Recently, Lawrence Berkeley National Lab revealed the secrets of the rotary motors that move archaea. It turns out they are different from the engine that powers the bacterial flagellum.
The motility structure of this third domain of life has long been called a flagellum, a whip-like filament that, like the well-studied bacterial flagellum, rotates like a propeller. But although the archaeal structure has a similar function, it is so profoundly different in structure, genetics, and evolution that the researchers argue it deserves its own name: archaellum. (Emphasis added.)
The archaellum bears some resemblance to a structure in bacteria called the Type IV pilus, a kind of “grappling hook” that allows the bacterium to adhere to other cells. But the resemblance ends there; the archaellum is a rotary motor analogous, but not homologous, to the bacterial flagellum. Moreover, the news release said, “This unique motor is highly conserved in all motile archaeal species.” So much for evolution.
Structurally, the archaellum appears to show irreducible complexity, in that it has multiple parts contributing to both assembly and motility. One of the key proteins is an ATP-driven unit called FlaI (pronounced “flah-eye”). Inhibition of this protein results in loss of both construction and rotation of the archaellum. Also involved are “a globular C?terminal domain, or CTD, [which] is connected by a flexible linker to a more variable N?terminal domain, or NTD, which constitutes a moveable tip.”
When bound to ATP, individual FlaI monomers arrange themselves into flat, six-unit rings, hexamers, with the ATPs serving as glue to hold them together. The result resembles a crown, with the CTD units forming the circlet and the free-to-move NTDs as the points.
Seven different conformations were recorded, revealing a dynamic play among the protein’s components in a changing, asymmetric assembly. From the detailed images, much of the action of the archaellum motor assembly could be deduced.

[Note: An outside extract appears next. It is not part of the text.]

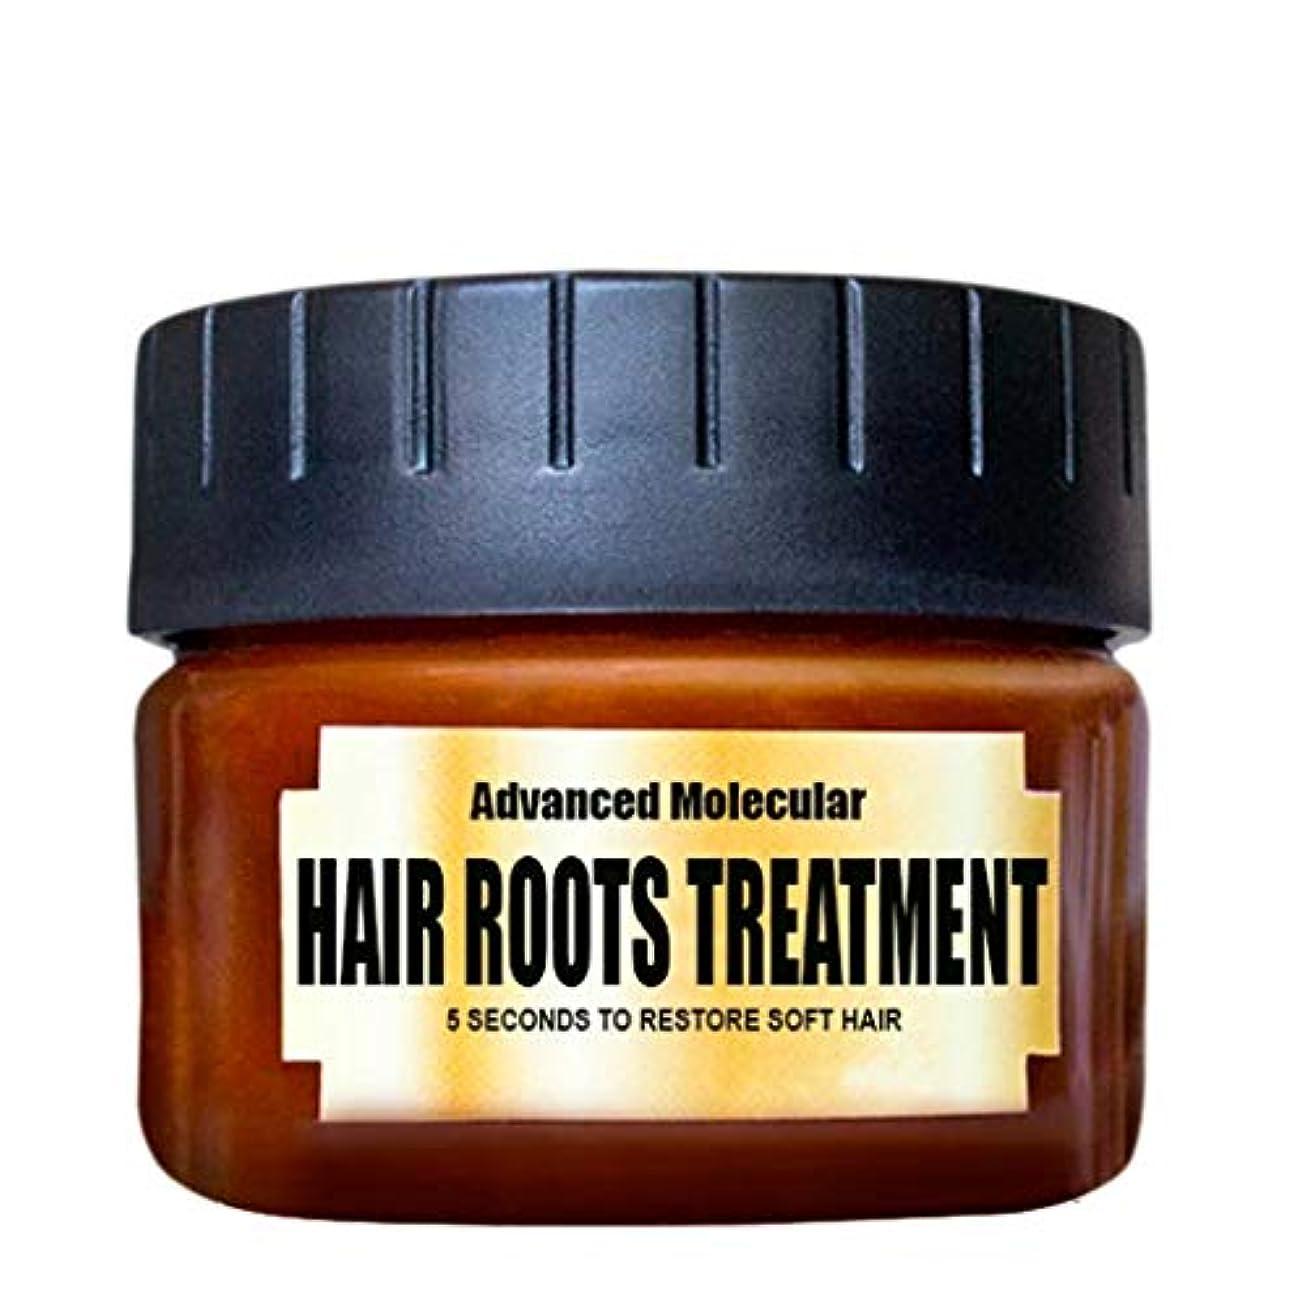 義務レディサイドボードDOUJI 天然植物成分 ヘアケア リッチリペア コンディショナー60ml コンディショナー 髪の解毒ヘアマスク高度な分子毛根治療回復エクストラダメージケア トリートメント

The illustrations show a beautifully designed mechanism. Many more parts are needed for function:
The FlaI “crown” both assembles the archaellum and causes it to rotate, but it doesn’t work alone. Other important components are the protein FlaJ, which serves as a platform to which FlaI attaches and also forms a kind of bearing that penetrates the cell membrane, and FlaB, the subunits of the archaellum filament itself, plus other helper proteins.

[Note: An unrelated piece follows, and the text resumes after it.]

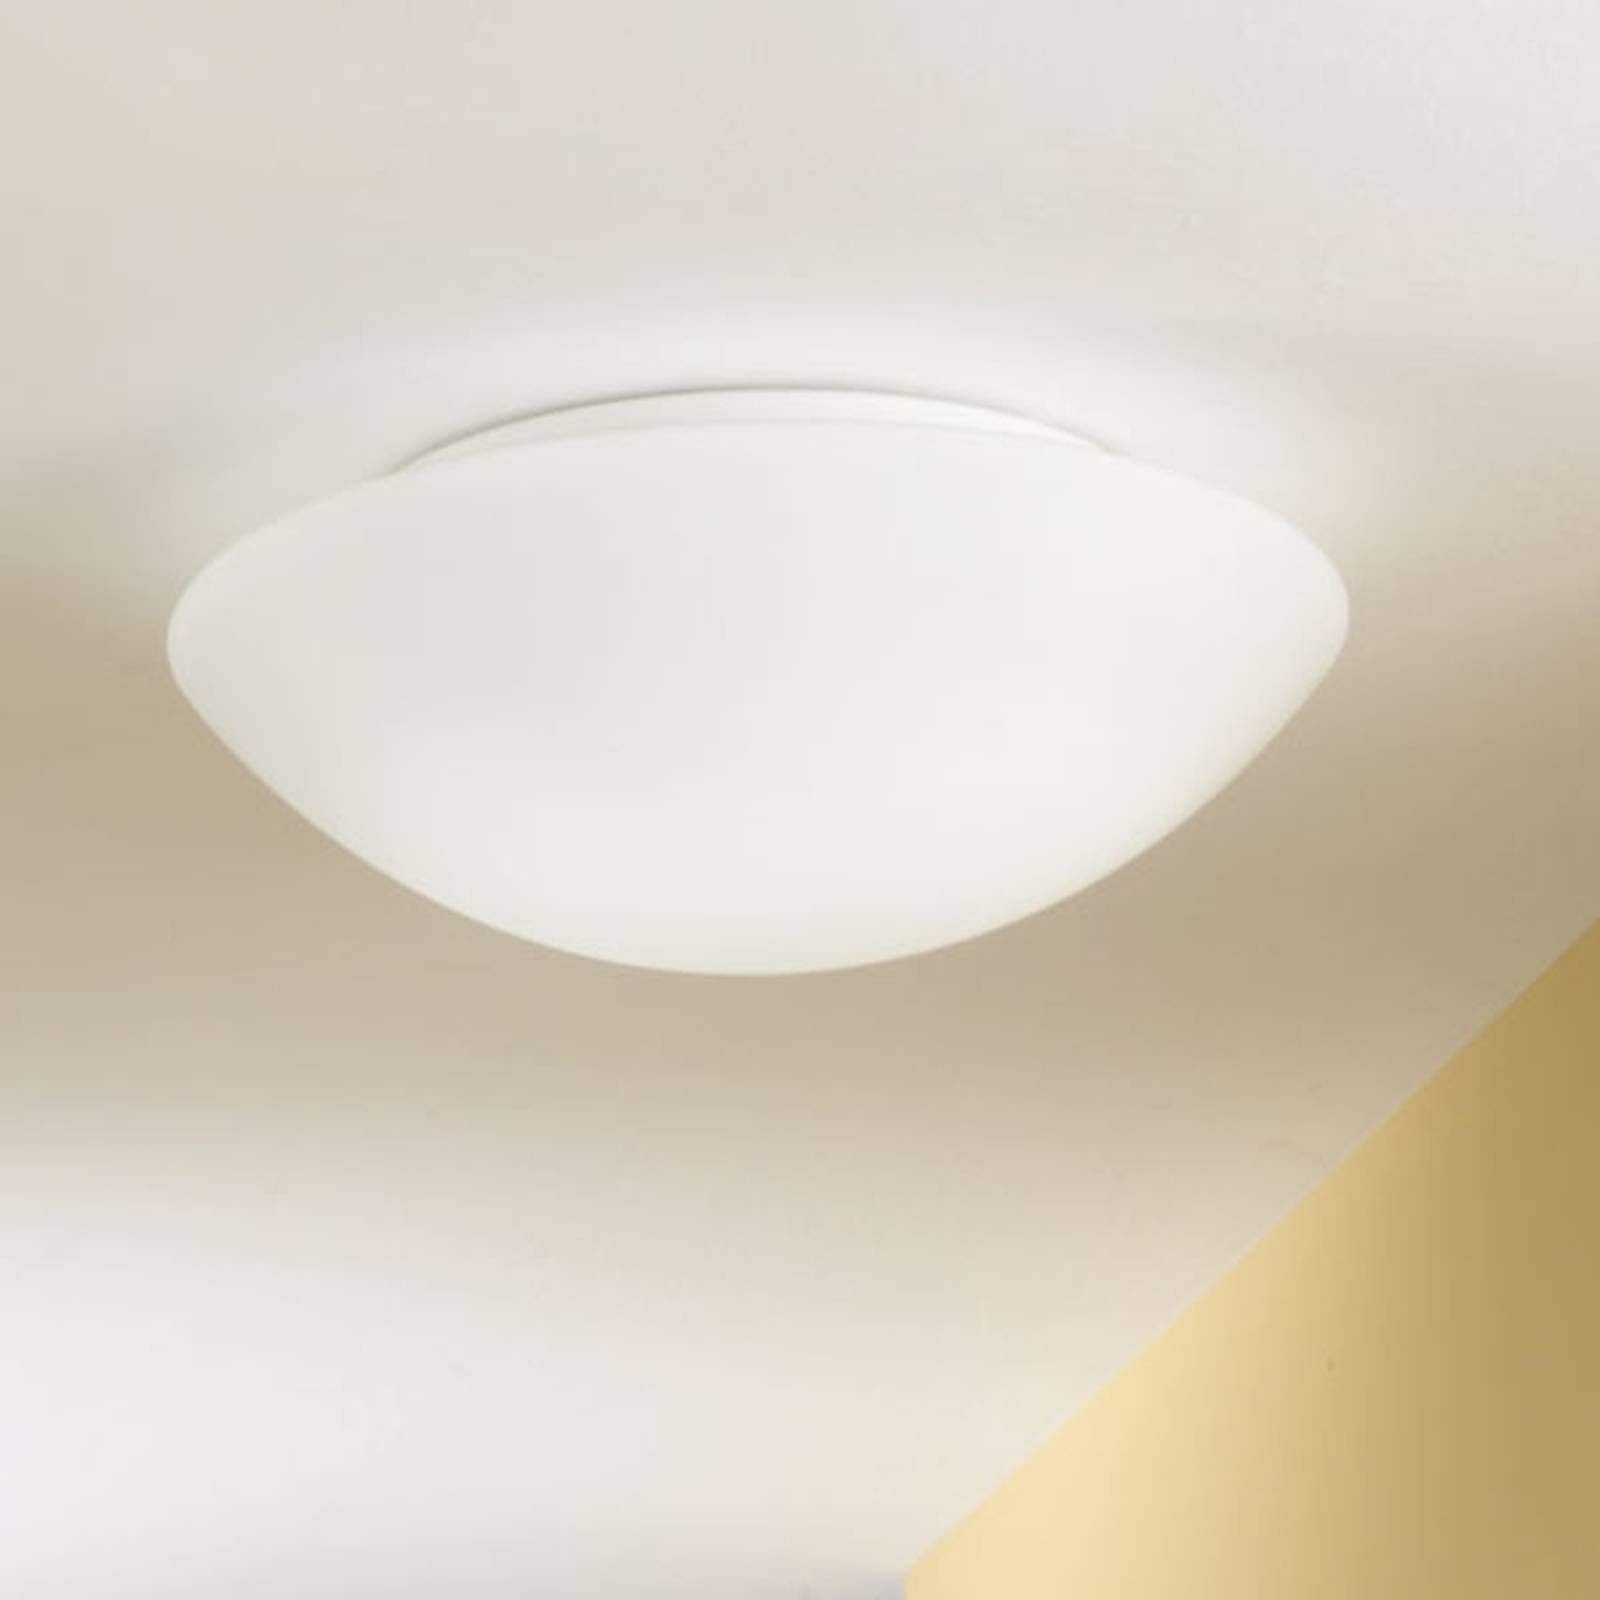 PANDORA taklampe eller vegglampe 36 cm

FlaI is also found in bacterial Type IV pili and other secretory systems of microorganisms, but it serves different purposes there. In archaellum construction, FlaI pushes another structural component above the crown upon release of ATP, to allow more components in, causing the archaellum to grow. “The process is similar to the mechanism in a bacterial Type IV pilus, although the resulting structures operate very differently.”

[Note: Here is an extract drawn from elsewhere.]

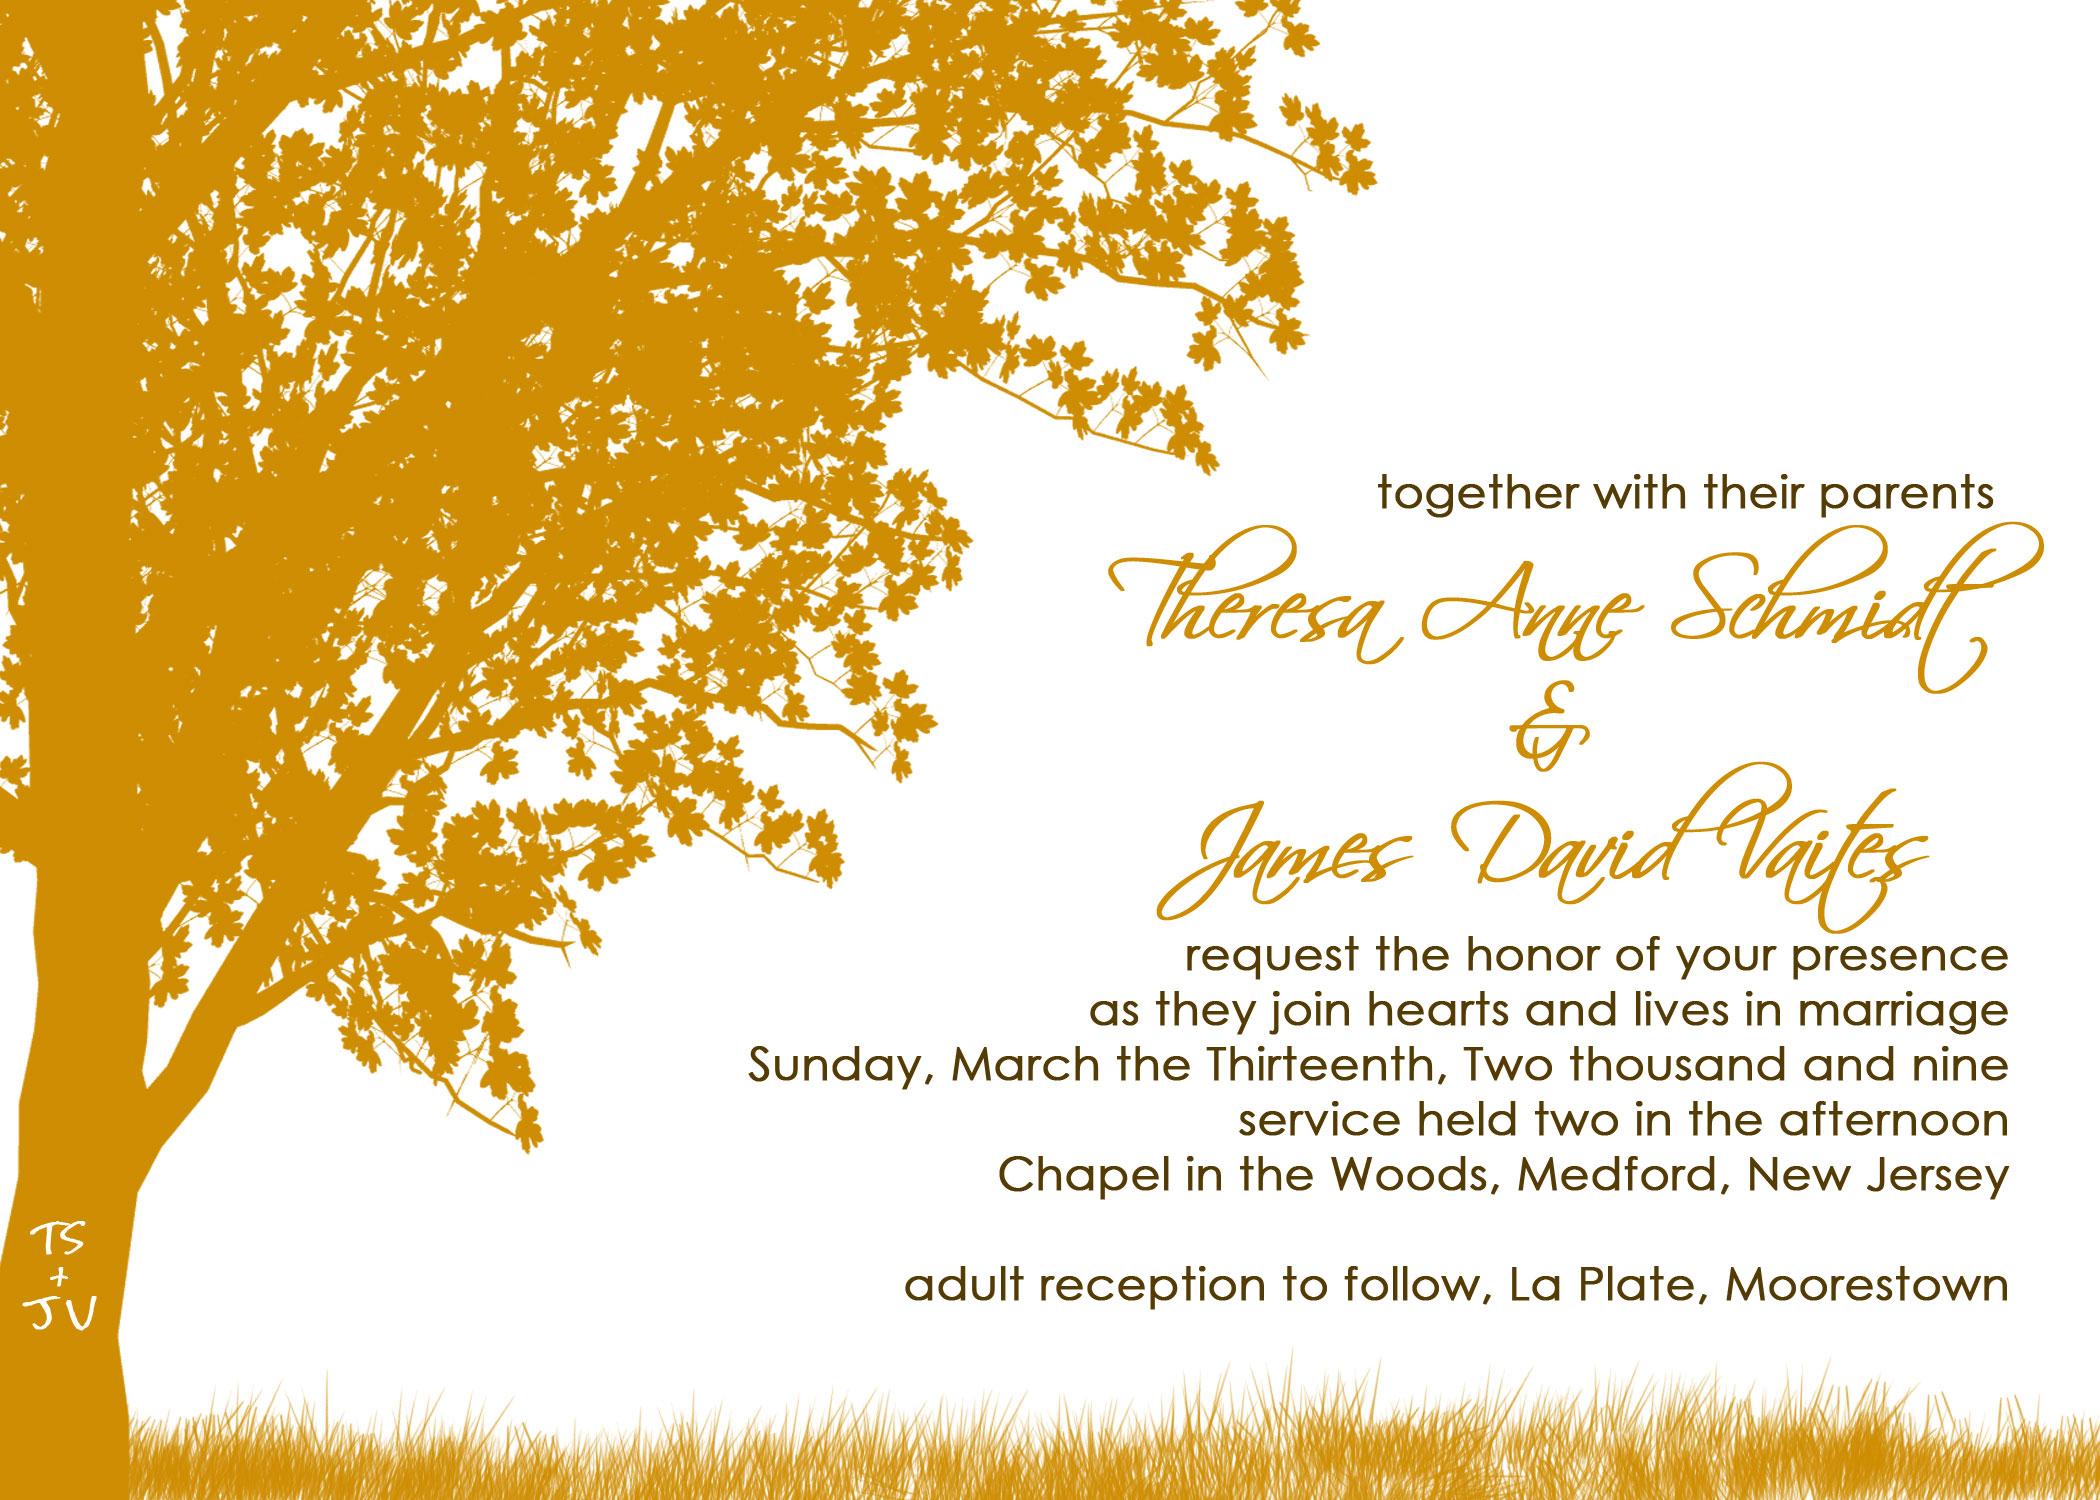 8 Invitation Design Templates Images

The original paper in Molecular Cell states:
Crown interactions and conformations regulate assembly, motility, and force direction via a basic-clamp switching mechanism driving conformational changes between stable, backbone-interconnected moving blocks.
So here scientists have elucidated another irreducibly complex “outboard motor” that is assembled out of complex proteins according to a genetic plan. Yet this motor does not appear to be related to anything else within archaea. Evolutionists would not expect evolutionary sharing between two different kingdoms of life, even if some of the building blocks are the same. Moreover, within archaea, the archaella are “highly conserved” in this supposedly archaic, primitive kingdom of microbes.
Furthermore, the organism they studied, Sulfolobus acidocaldarius, has not just one, but three archaella. Add to that the fact that these motors need to assemble and work in hot springs and highly acidic conditions, and the only logical inference is intelligent design.